Even if I silence instant messengers on my phone, the way people now assume a live interaction annoys me to no end. In my home-country of Italy, I keep stumbling on zombie-like people, walking around with their phones close to the mouth, mumbling and gesticulating as if they were having an actual conversation. They constantly record vocal messages on WhatsApp — the overwhelmingly mainstream instant messenger here. Without going down the rabbit hole of what a waste of broadband that is, I always ask myself: wouldn’t it be much quicker if they called each other?

I tried quitting most of these apps: it truly becomes a tiring situation. When I came back to this country three years ago, most people had forgotten about the existence of text SMS, with the youngest ones ignoring the tech altogether.

(Slowly) moving back to XMPP

To fight back against the fragmentation of proprietary applications, I’d rather use a protocol. While many instant messengers have based their tech on the open communication decentralised Jabber protocol (now called XMPP), they’re all centralised and mostly cloud-based by design.

XMPP has a huge potential to replace platforms like Telegram, Signal, and WhatsApp, although its use hasn’t reached mass consciousness.
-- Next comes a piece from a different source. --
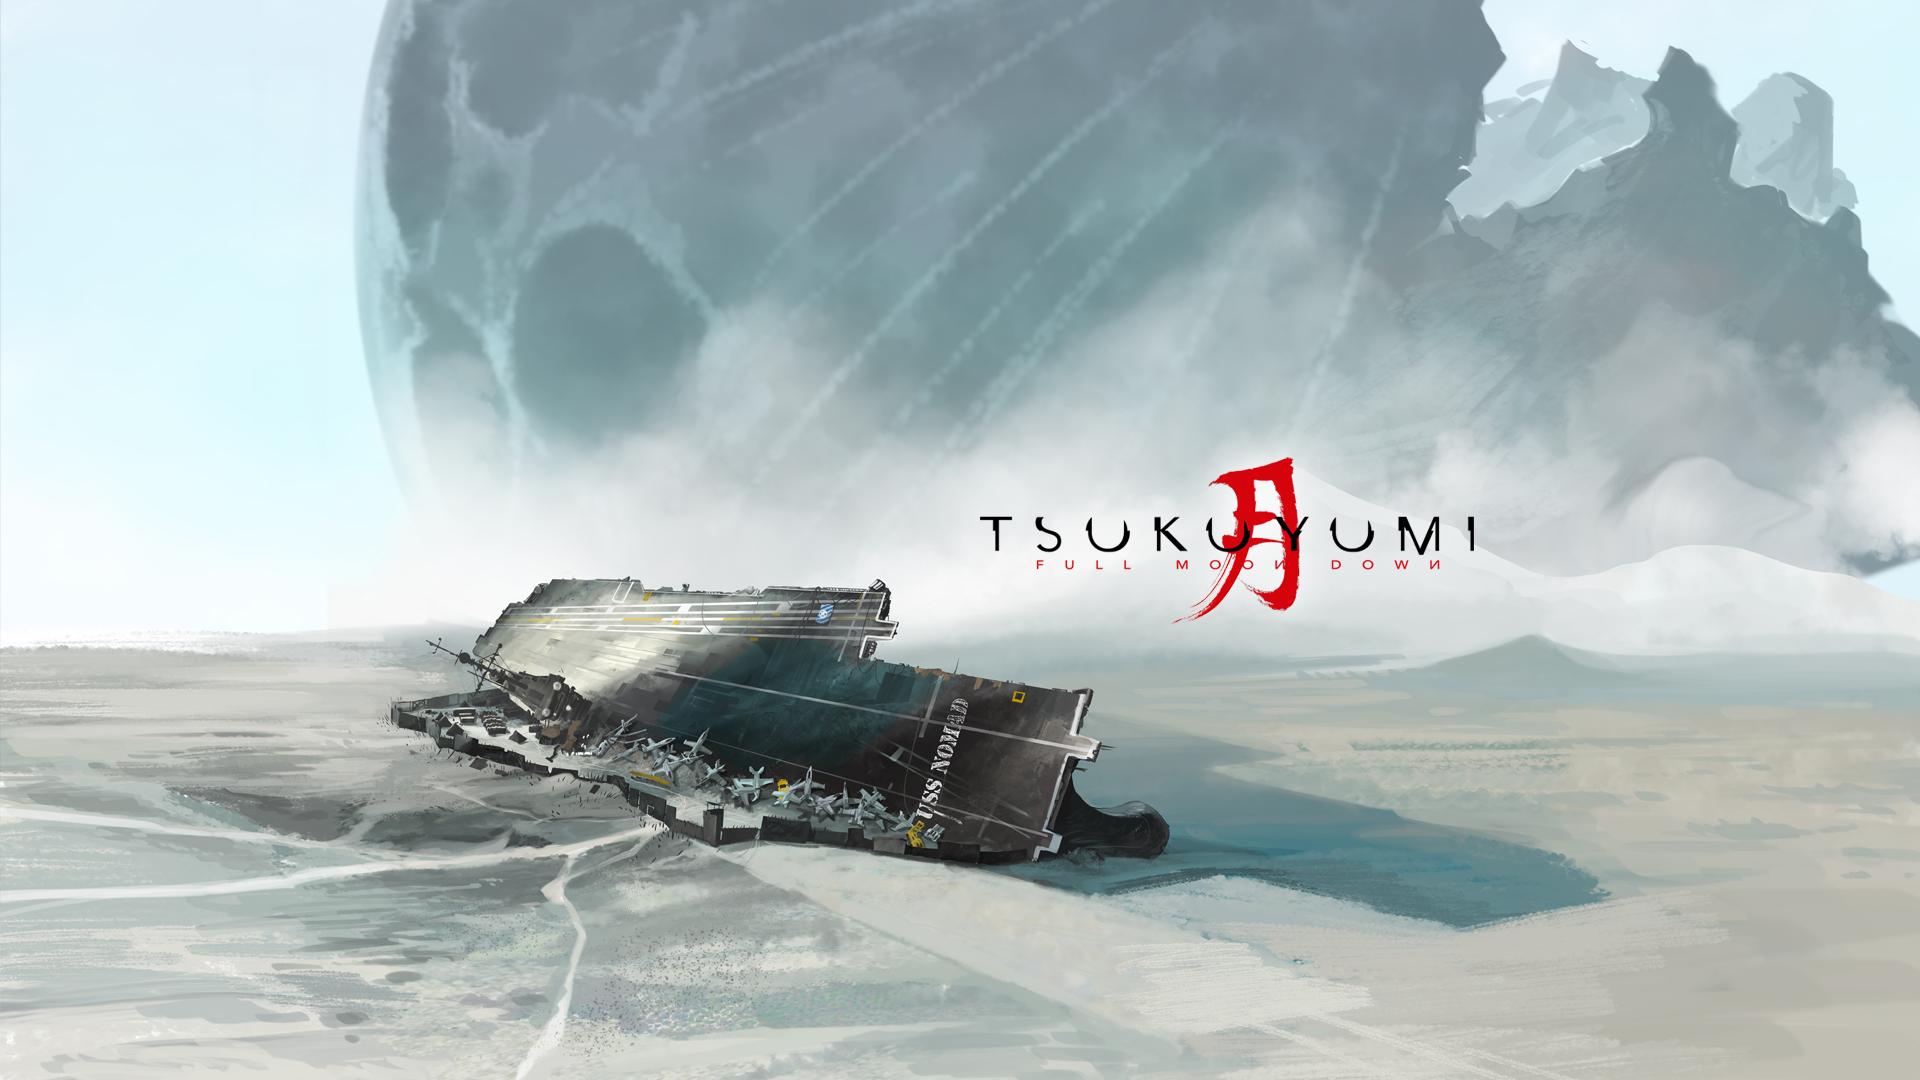 TsukuyumiFullMoonDown_Wallpaper_3.jpg

Rather then spread awareness of friendly and open technologies like these, big tech companies preferred to build their proprietary solutions ontop of XMPP and market those instead - so you may have been using XMPP this whole time without even knowing it.
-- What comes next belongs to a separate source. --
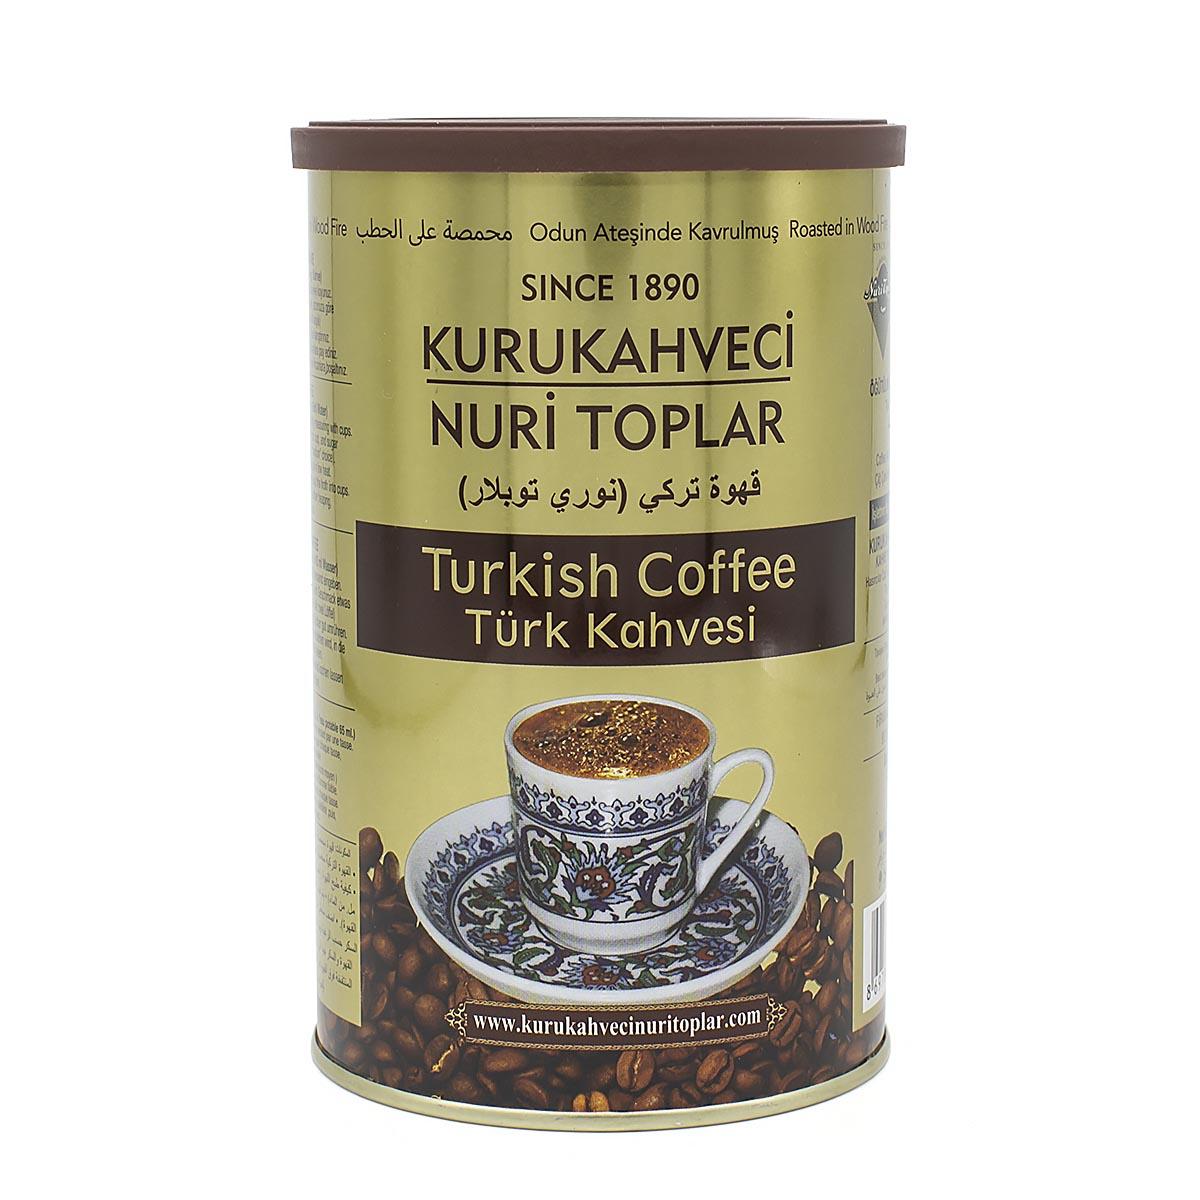 Кофе молотый Kurukahveci Nuri Toplar, 250 г

Instead of depending on proprietary centralized chat platforms like Telegram, WhatsApp and Signal we believe that truly decentralized platforms like XMPP can achieve and surpass our needs.

Take back our tech

I haven’t stopped using Telegram yet, what I did was creating an account with Disroot, which offers XMPP among their many perks.1 Then, I installed the free and open source lightweight application BeagleIM, refusing to install a mobile counterpart, because things that are conceived as decentralised and asynchronous should ditch the concept of being always live 24/7.

What’s different?

Besides the obvious observation that the whole process might look less user-friendly than giving away your phone number and contact list to a distant corporation, here’s a few points:

  • It’s quieter! Yes, very few friends are currently using XMPP, but in general there’s no pressure, like on any IRC chat.
  • I can switch the software I use as client, without losing my account or the ability to reach out to my contacts.
  • I’m not tied to yet another proprietary single-use application, which makes me effectively free from corporate controversy, whether it’s Meta, the founder of Telegram, or others.
  • Most modern XMPP software clients have encryption on by default — Beagle IM uses the widespread OMEMO.